Start of Block

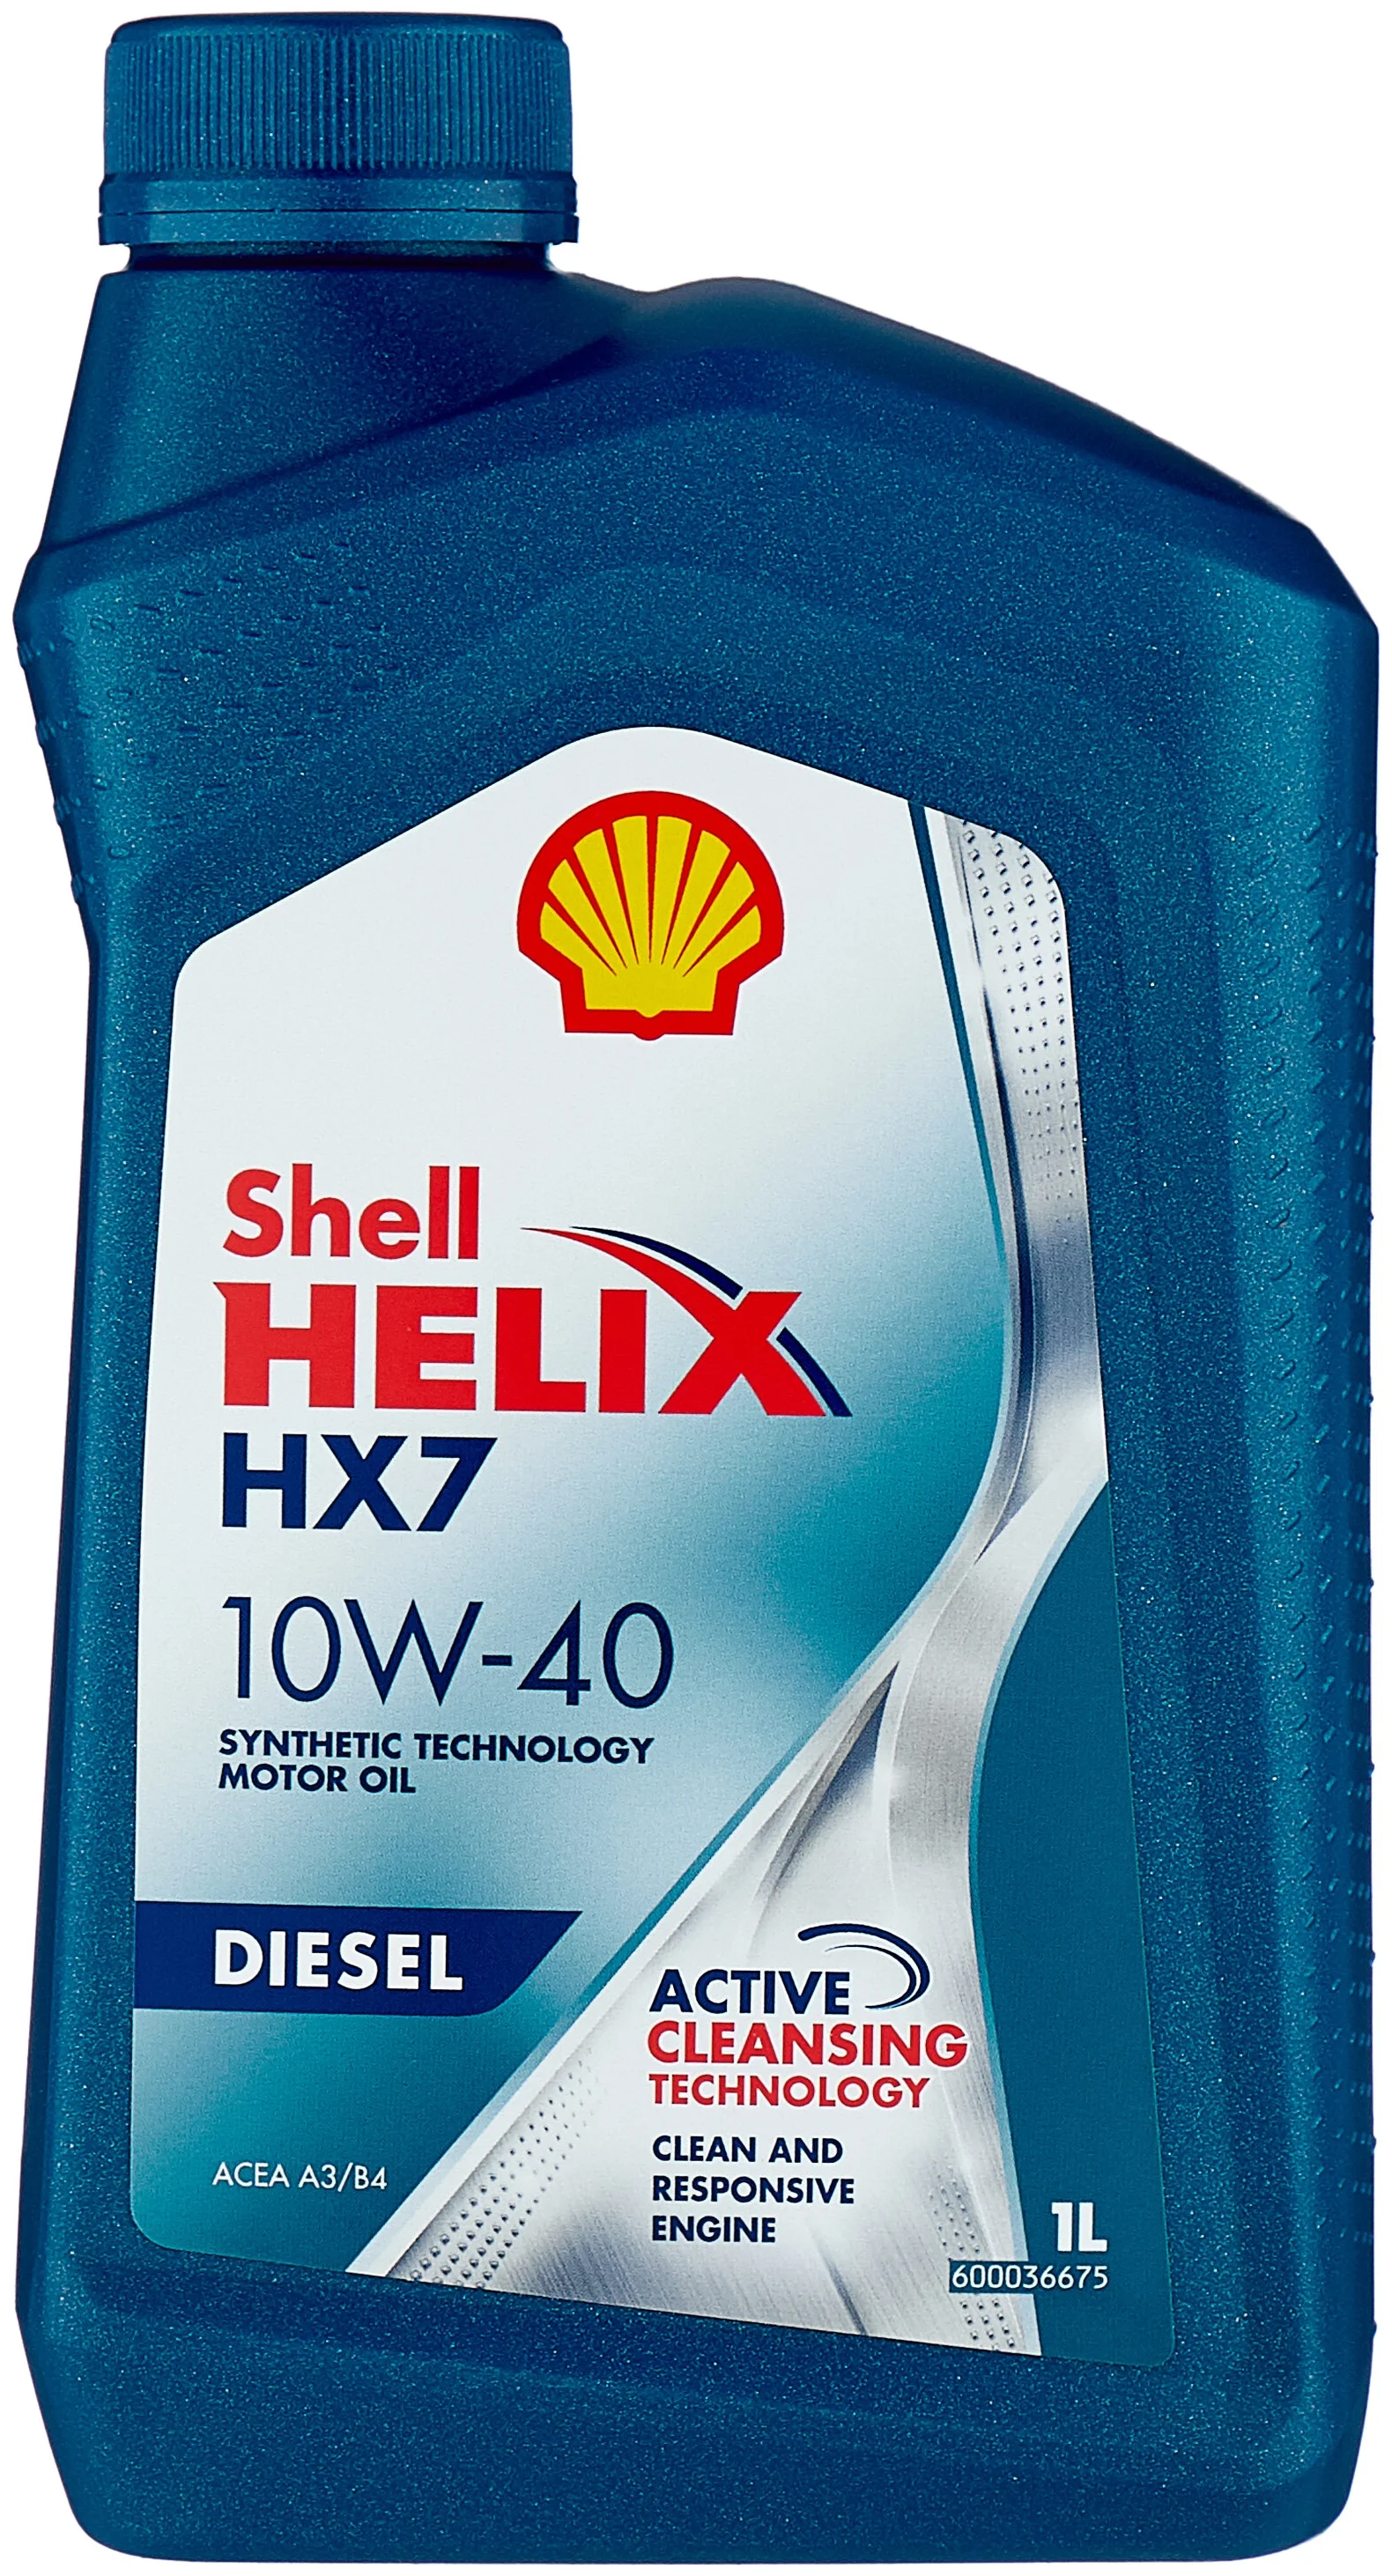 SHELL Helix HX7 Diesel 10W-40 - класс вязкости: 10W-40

End of Block
Start of Block

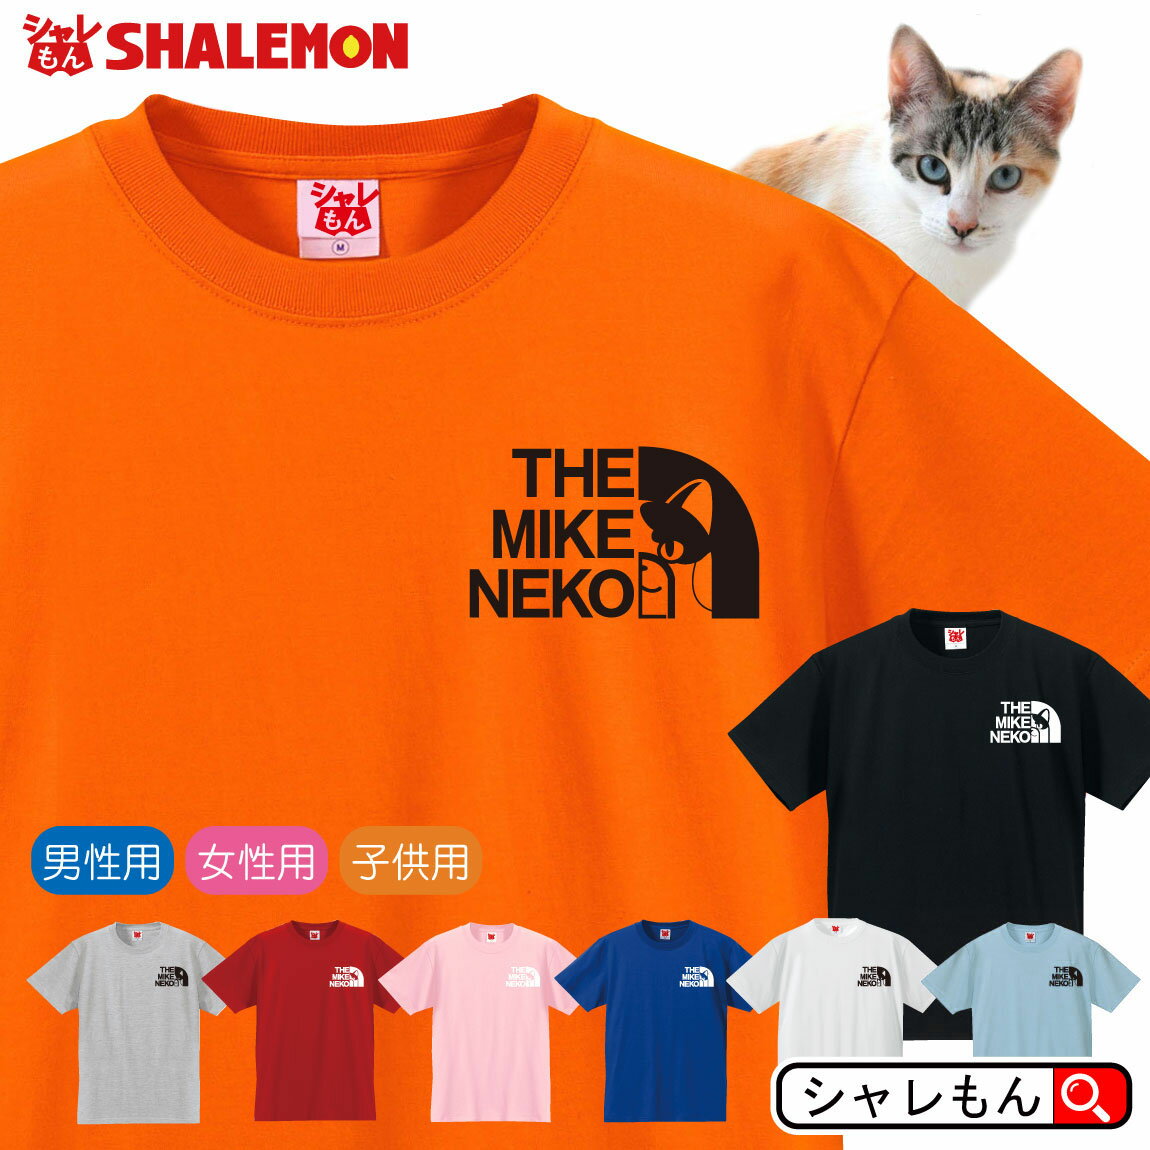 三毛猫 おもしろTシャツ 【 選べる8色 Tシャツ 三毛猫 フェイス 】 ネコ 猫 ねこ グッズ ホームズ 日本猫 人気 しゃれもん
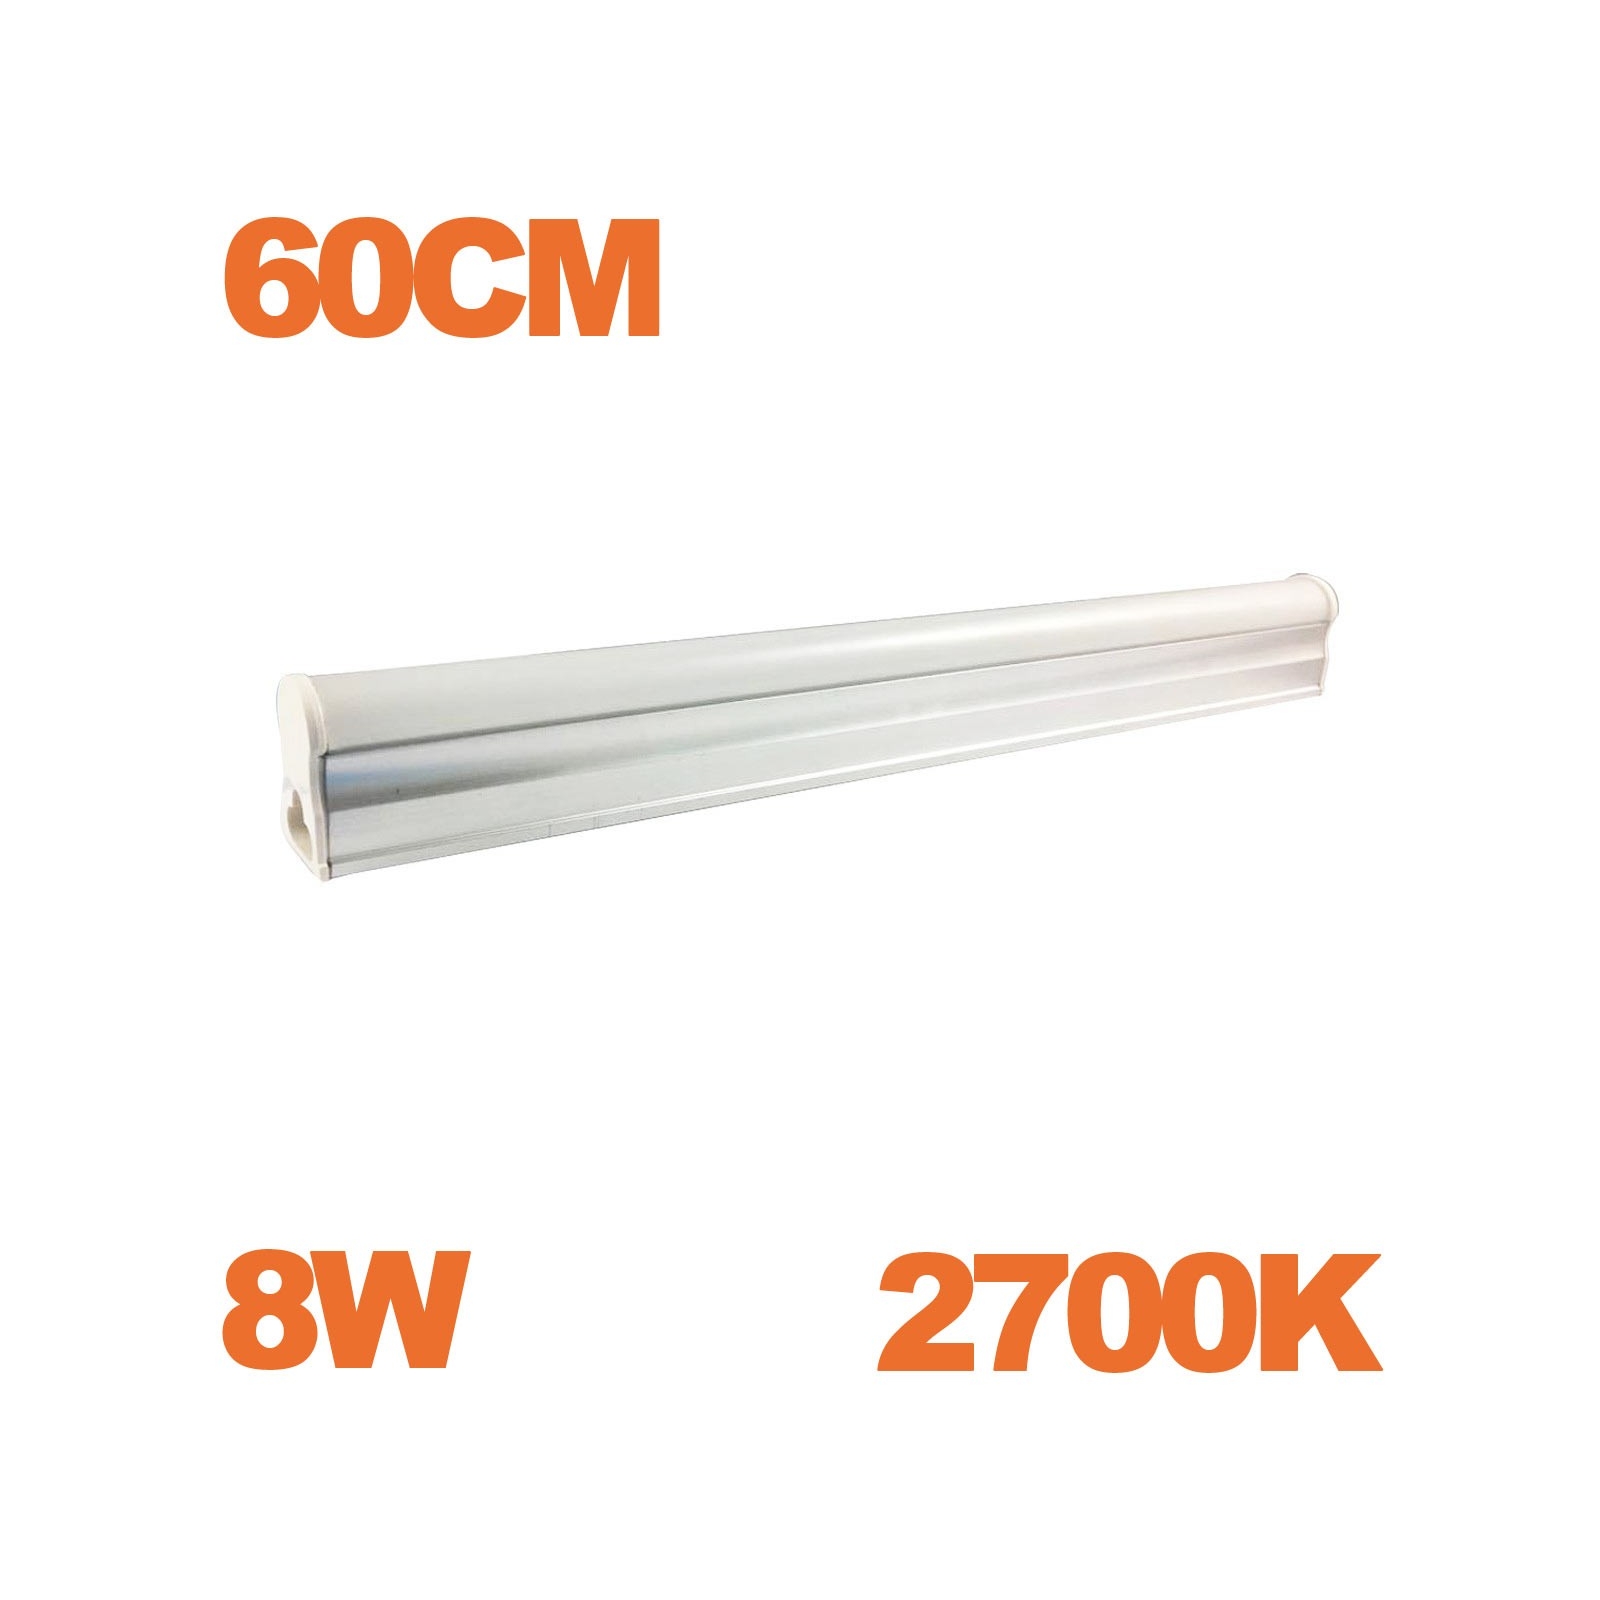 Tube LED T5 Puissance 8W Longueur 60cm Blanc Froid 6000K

End of Block

Repeat, without pictures, exactly the lines of the data above from the one containing "三毛猫 おもしろTシャツ 【" through the one containing "Tube LED T5", including both and adding nothing.

 三毛猫 おもしろTシャツ 【 選べる8色 Tシャツ 三毛猫 フェイス 】 ネコ 猫 ねこ グッズ ホームズ 日本猫 人気 しゃれもん
 Tube LED T5 Puissance 8W Longueur 60cm Blanc Froid 6000K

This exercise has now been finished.